WHAT YOU WILL DO:
What is needed is an exact copy of the records, with the images left out.

MATERIAL FOR THIS EXERCISE:
====
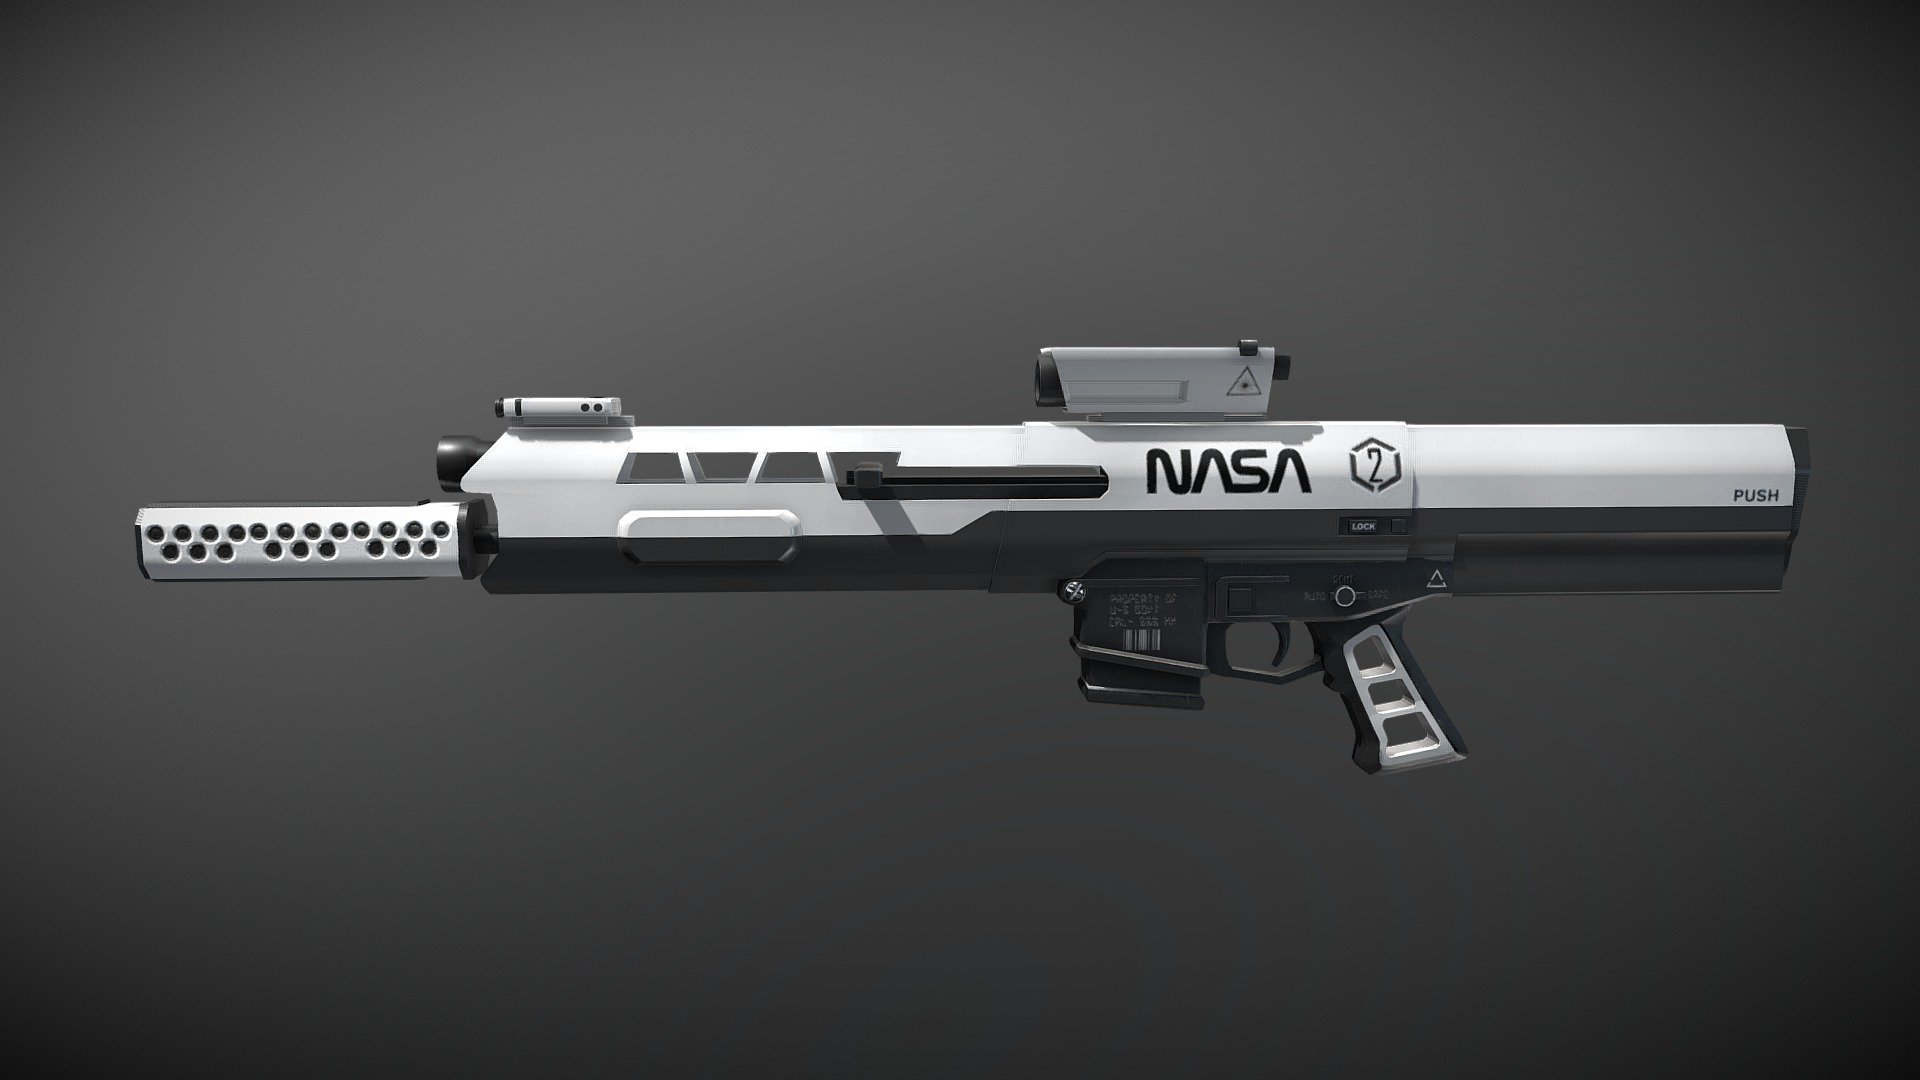 This is my first time using Substance Painter, still have alot of room to improve on my texturing skills.
Modeled after the Oblivion Rifle, changed the theme to NASA.
Modeled in Maya and textured in Substance Painter

Big thank you to my friend Sean for introducing me to Substance Painter. 
Check out his profile : https://sketchfab.com/Mr.Kimono - NASA Assault Rifle - 3D model by haise8704 3d model
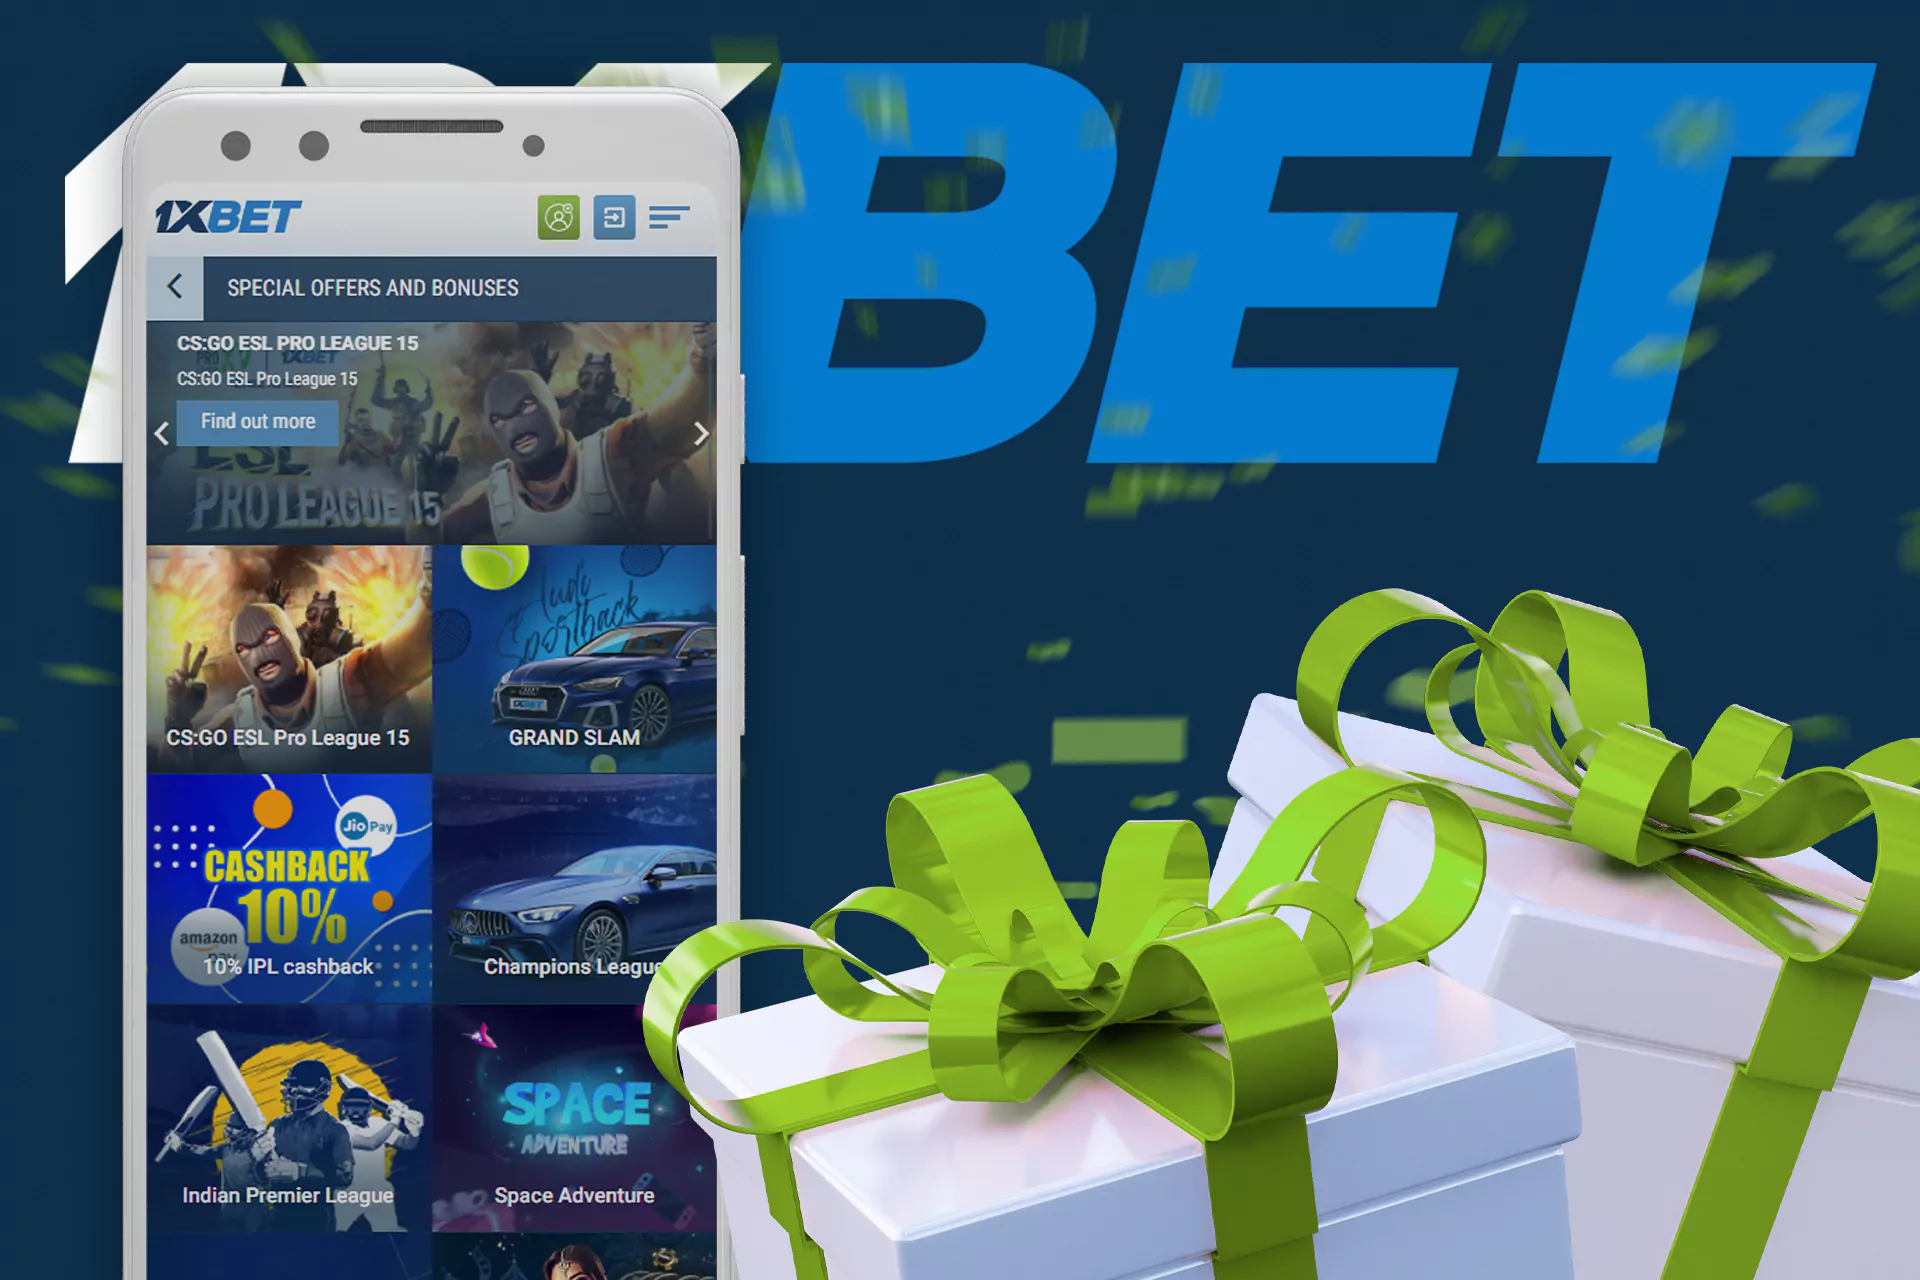 There are different types of bonuses available in the 1xBet app.
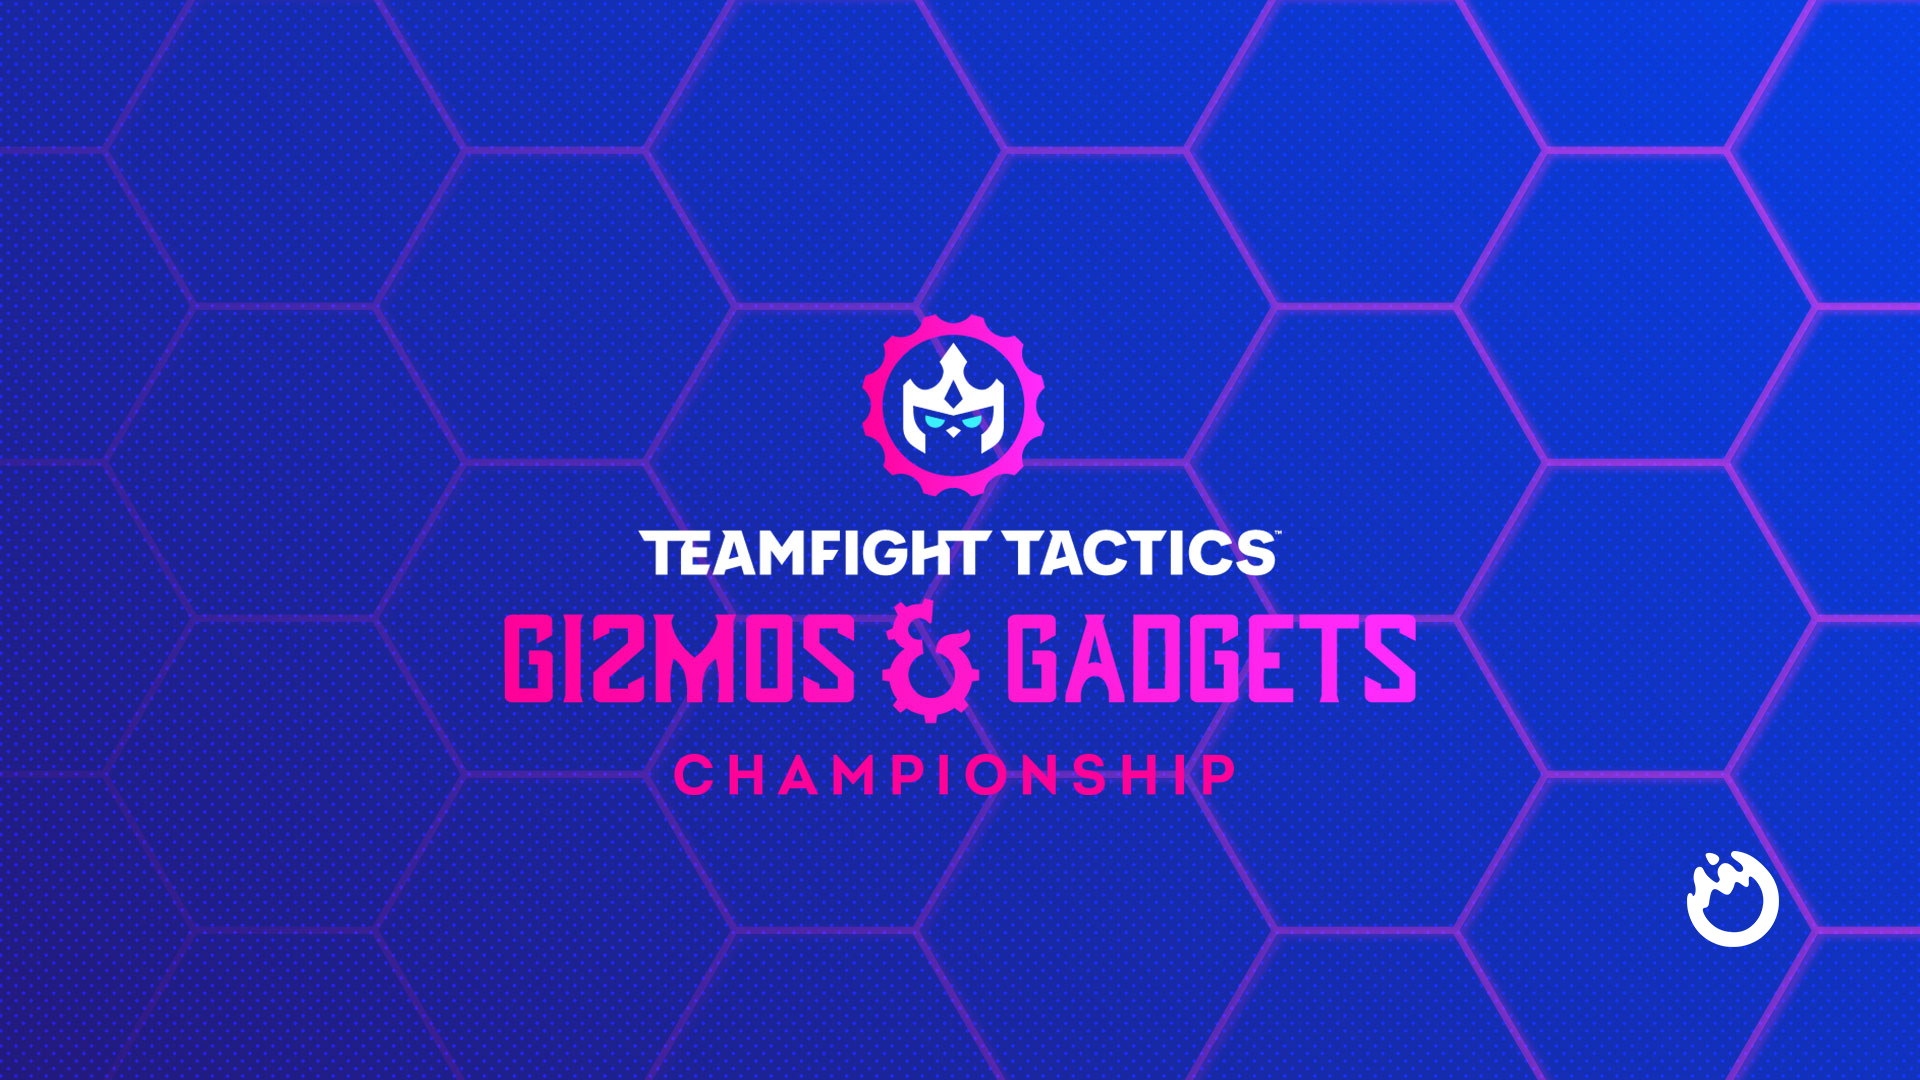 Oceania gains second TFT Worlds slot ahead of Gizmos & Gadgets Championship
====
ANSWER BELOW:
 This is my first time using Substance Painter, still have alot of room to improve on my texturing skills.
Modeled after the Oblivion Rifle, changed the theme to NASA.
Modeled in Maya and textured in Substance Painter

Big thank you to my friend Sean for introducing me to Substance Painter. 
Check out his profile : https://sketchfab.com/Mr.Kimono - NASA Assault Rifle - 3D model by haise8704 3d model
 There are different types of bonuses available in the 1xBet app.
 Oceania gains second TFT Worlds slot ahead of Gizmos & Gadgets Championship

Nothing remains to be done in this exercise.